■ Supplied data ■
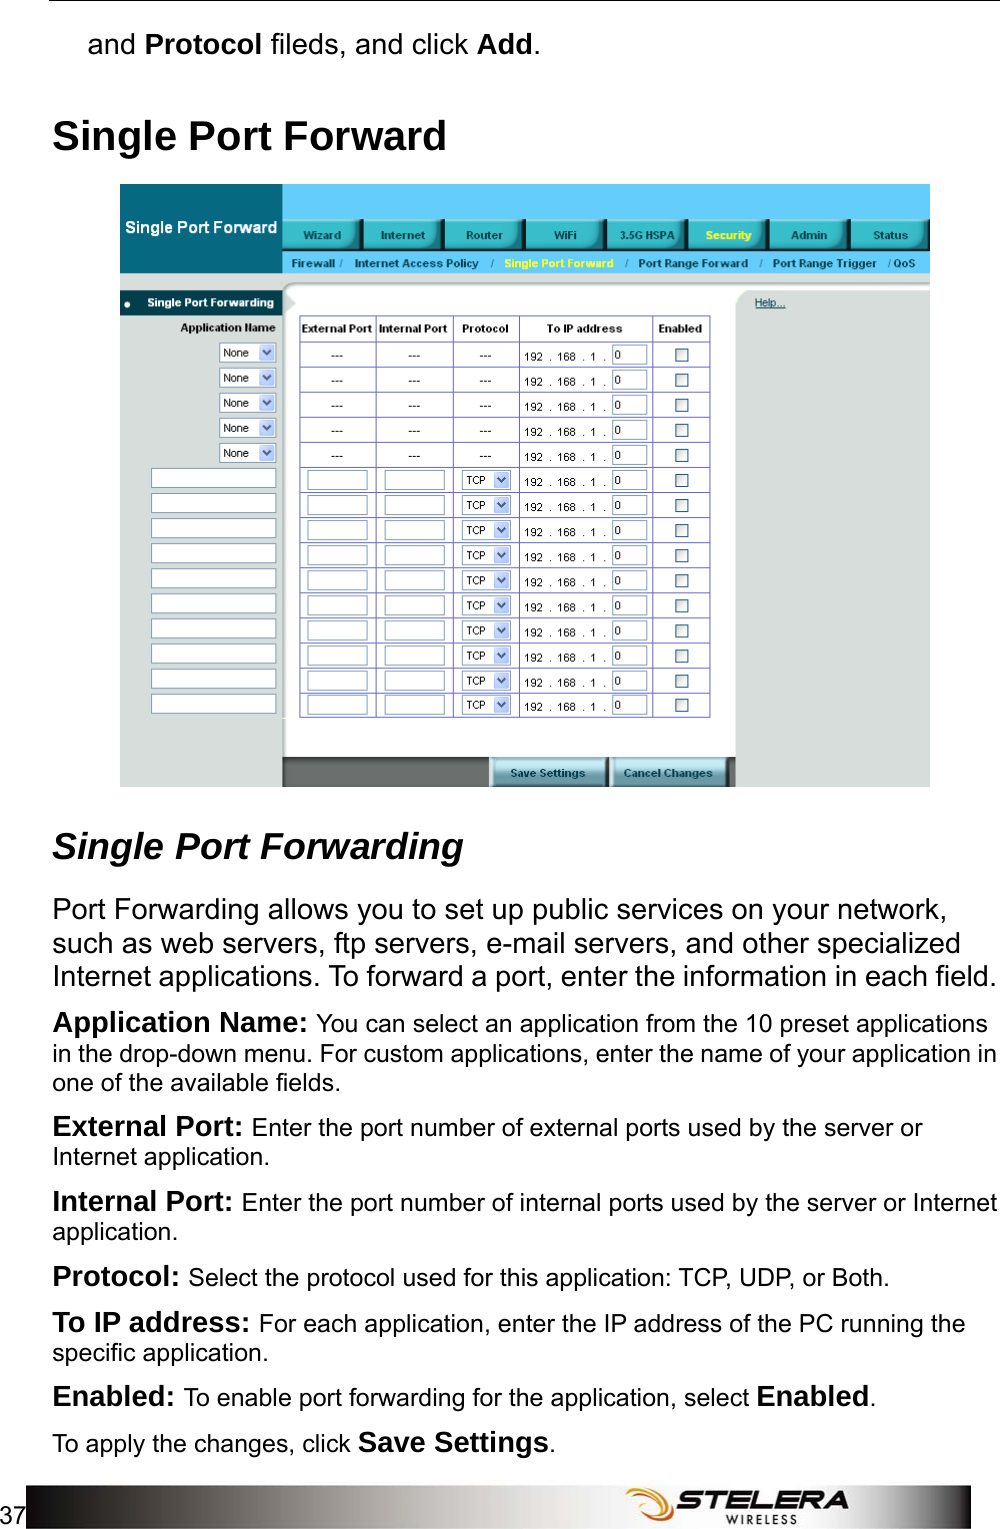  Security Setup 37  and Protocol fileds, and click Add. Single Port Forward  Single Port Forwarding Port Forwarding allows you to set up public services on your network, such as web servers, ftp servers, e-mail servers, and other specialized Internet applications. To forward a port, enter the information in each field. Application Name: You can select an application from the 10 preset applications in the drop-down menu. For custom applications, enter the name of your application in one of the available fields. External Port: Enter the port number of external ports used by the server or Internet application. Internal Port: Enter the port number of internal ports used by the server or Internet application.  Protocol: Select the protocol used for this application: TCP, UDP, or Both. To IP address: For each application, enter the IP address of the PC running the specific application. Enabled: To enable port forwarding for the application, select Enabled. To apply the changes, click Save Settings. 
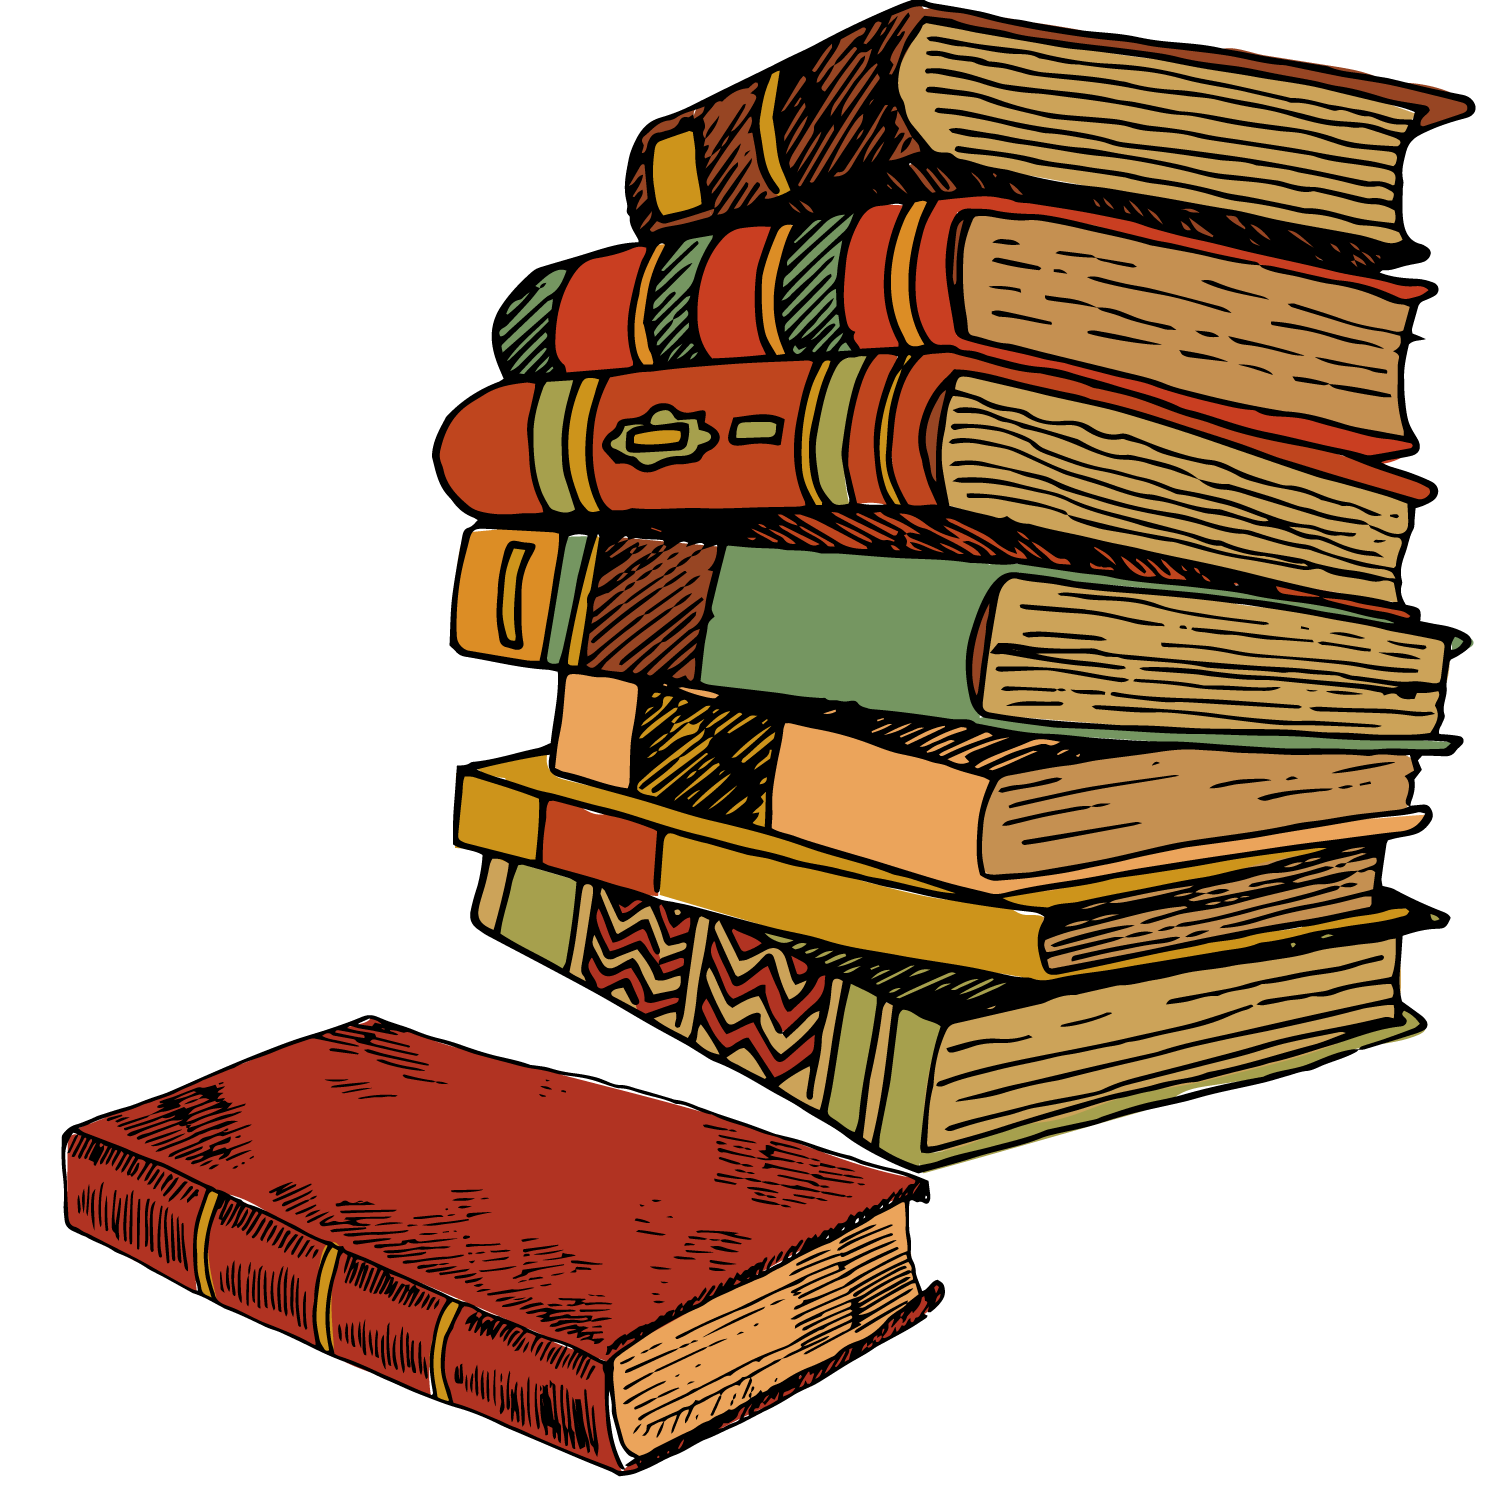 Paper Book Illustration - Ancient Books png download - 1500*1500 - Free
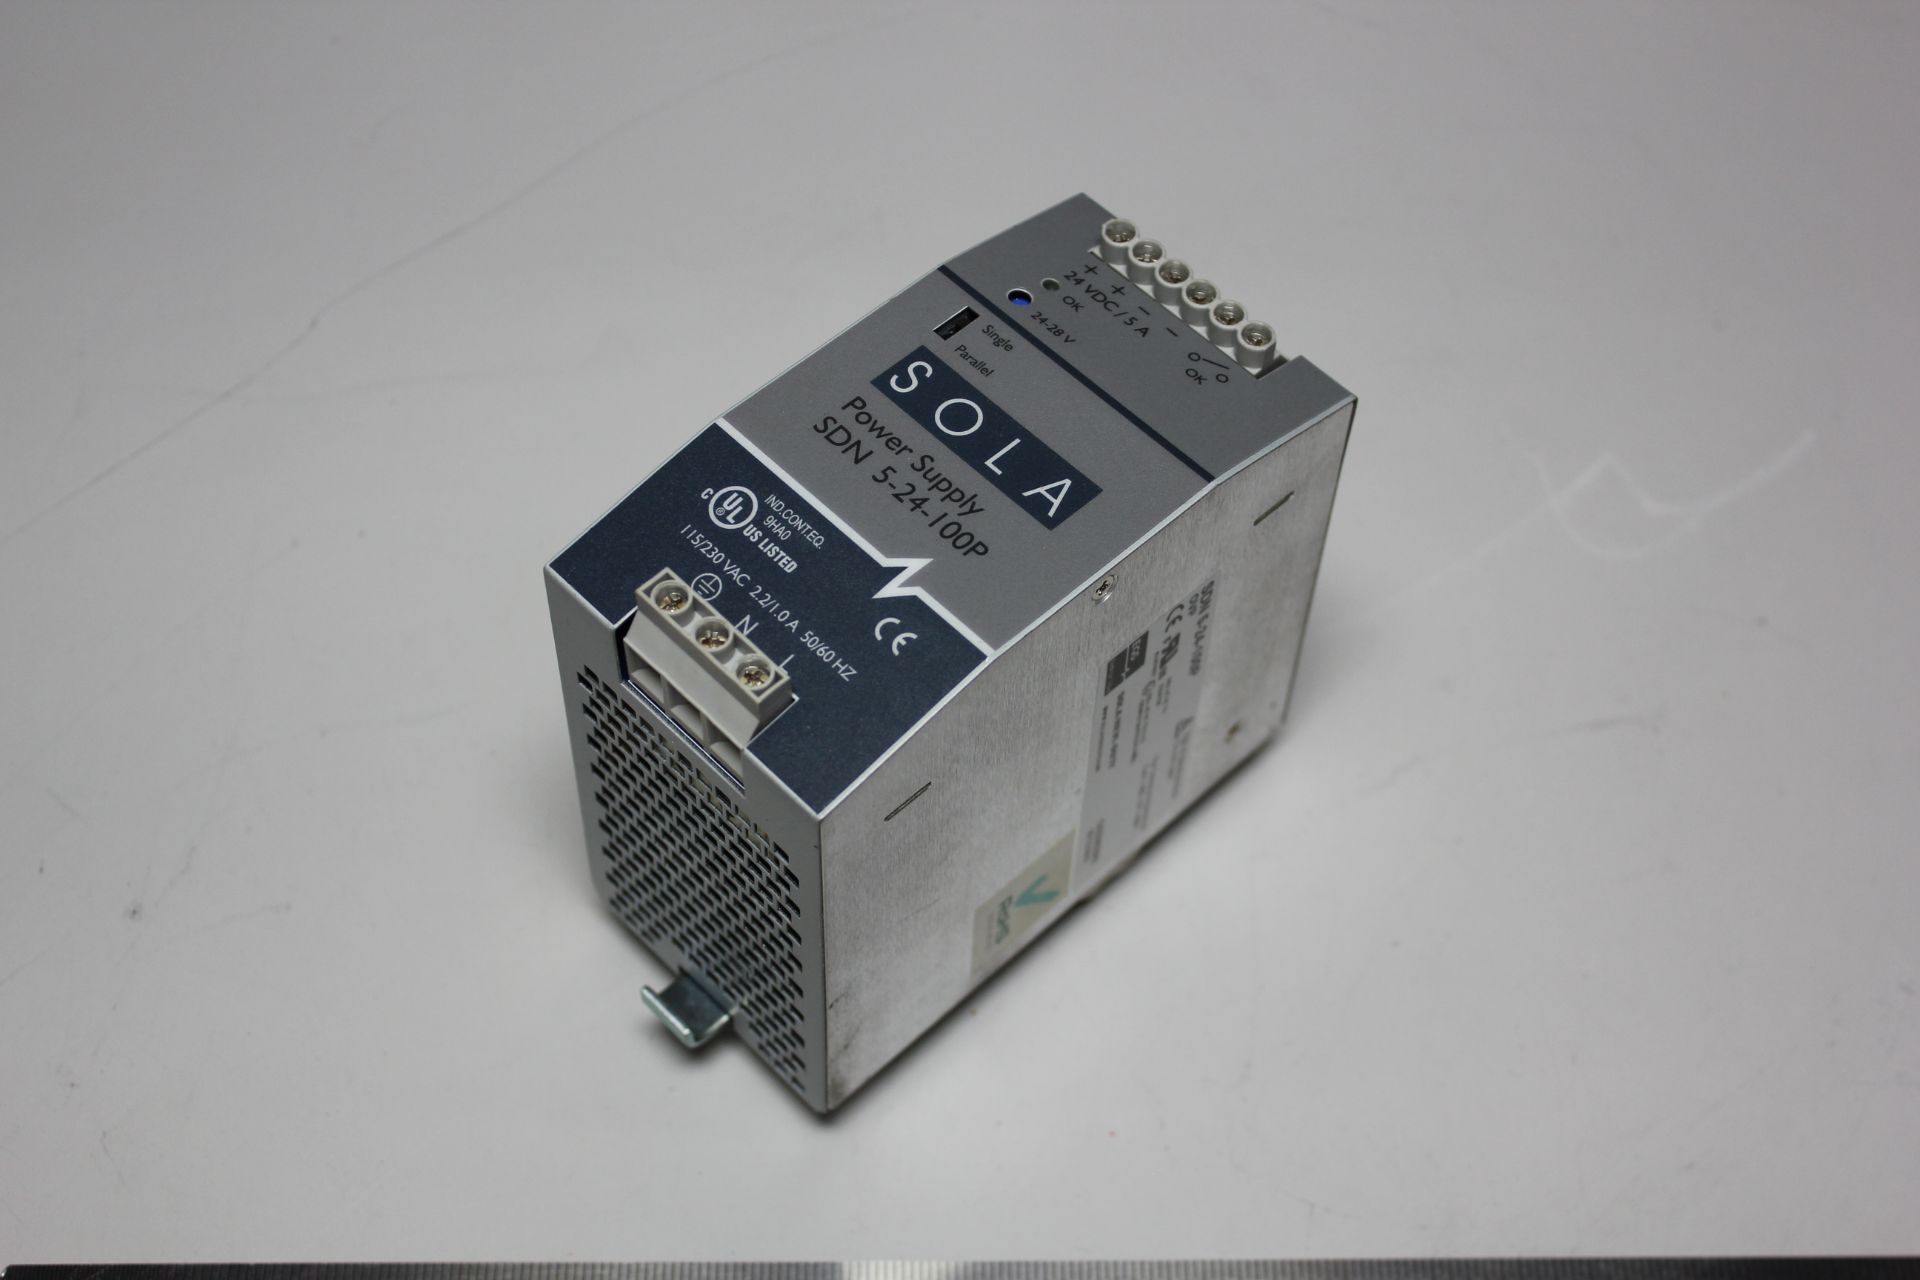 SOLA AUTOMATION POWER SUPPLY
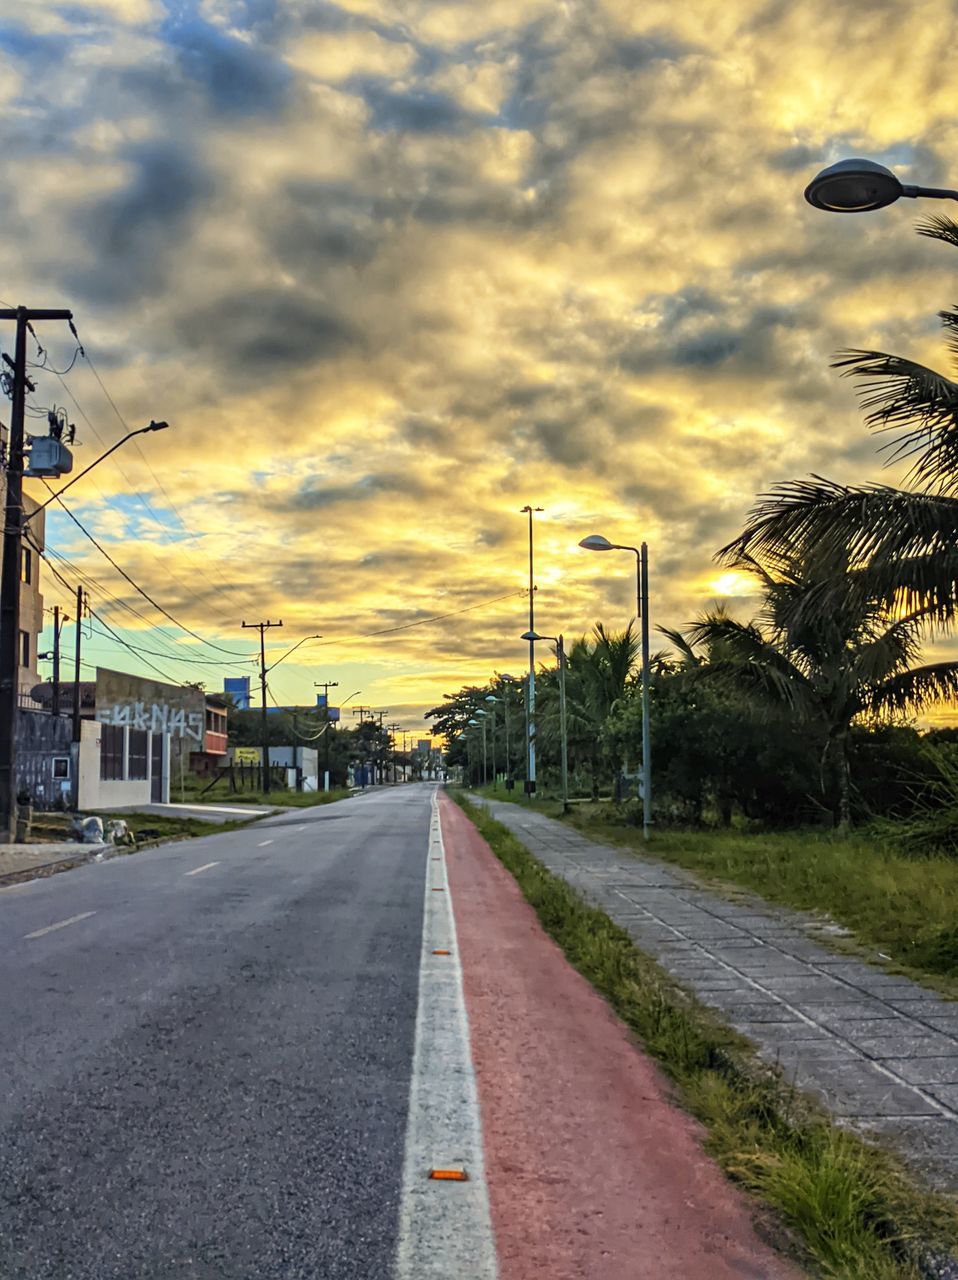 road, sky, cloud, transportation, street, city, the way forward, nature, architecture, morning, street light, sign, no people, built structure, infrastructure, diminishing perspective, lane, building exterior, vanishing point, tree, urban area, outdoors, road marking, mode of transportation, marking, symbol, road surface, plant, sunlight, dramatic sky, car, travel destinations

■ Exercise description ■
Exactly reproduce the lines that run from the first line of the listing above to the line containing "SOLA AUTOMATION POWER SUPPLY", including both; omit the pictures.

■ Answer section ■
  Security Setup 37  and Protocol fileds, and click Add. Single Port Forward  Single Port Forwarding Port Forwarding allows you to set up public services on your network, such as web servers, ftp servers, e-mail servers, and other specialized Internet applications. To forward a port, enter the information in each field. Application Name: You can select an application from the 10 preset applications in the drop-down menu. For custom applications, enter the name of your application in one of the available fields. External Port: Enter the port number of external ports used by the server or Internet application. Internal Port: Enter the port number of internal ports used by the server or Internet application.  Protocol: Select the protocol used for this application: TCP, UDP, or Both. To IP address: For each application, enter the IP address of the PC running the specific application. Enabled: To enable port forwarding for the application, select Enabled. To apply the changes, click Save Settings. 
 Paper Book Illustration - Ancient Books png download - 1500*1500 - Free
 SOLA AUTOMATION POWER SUPPLY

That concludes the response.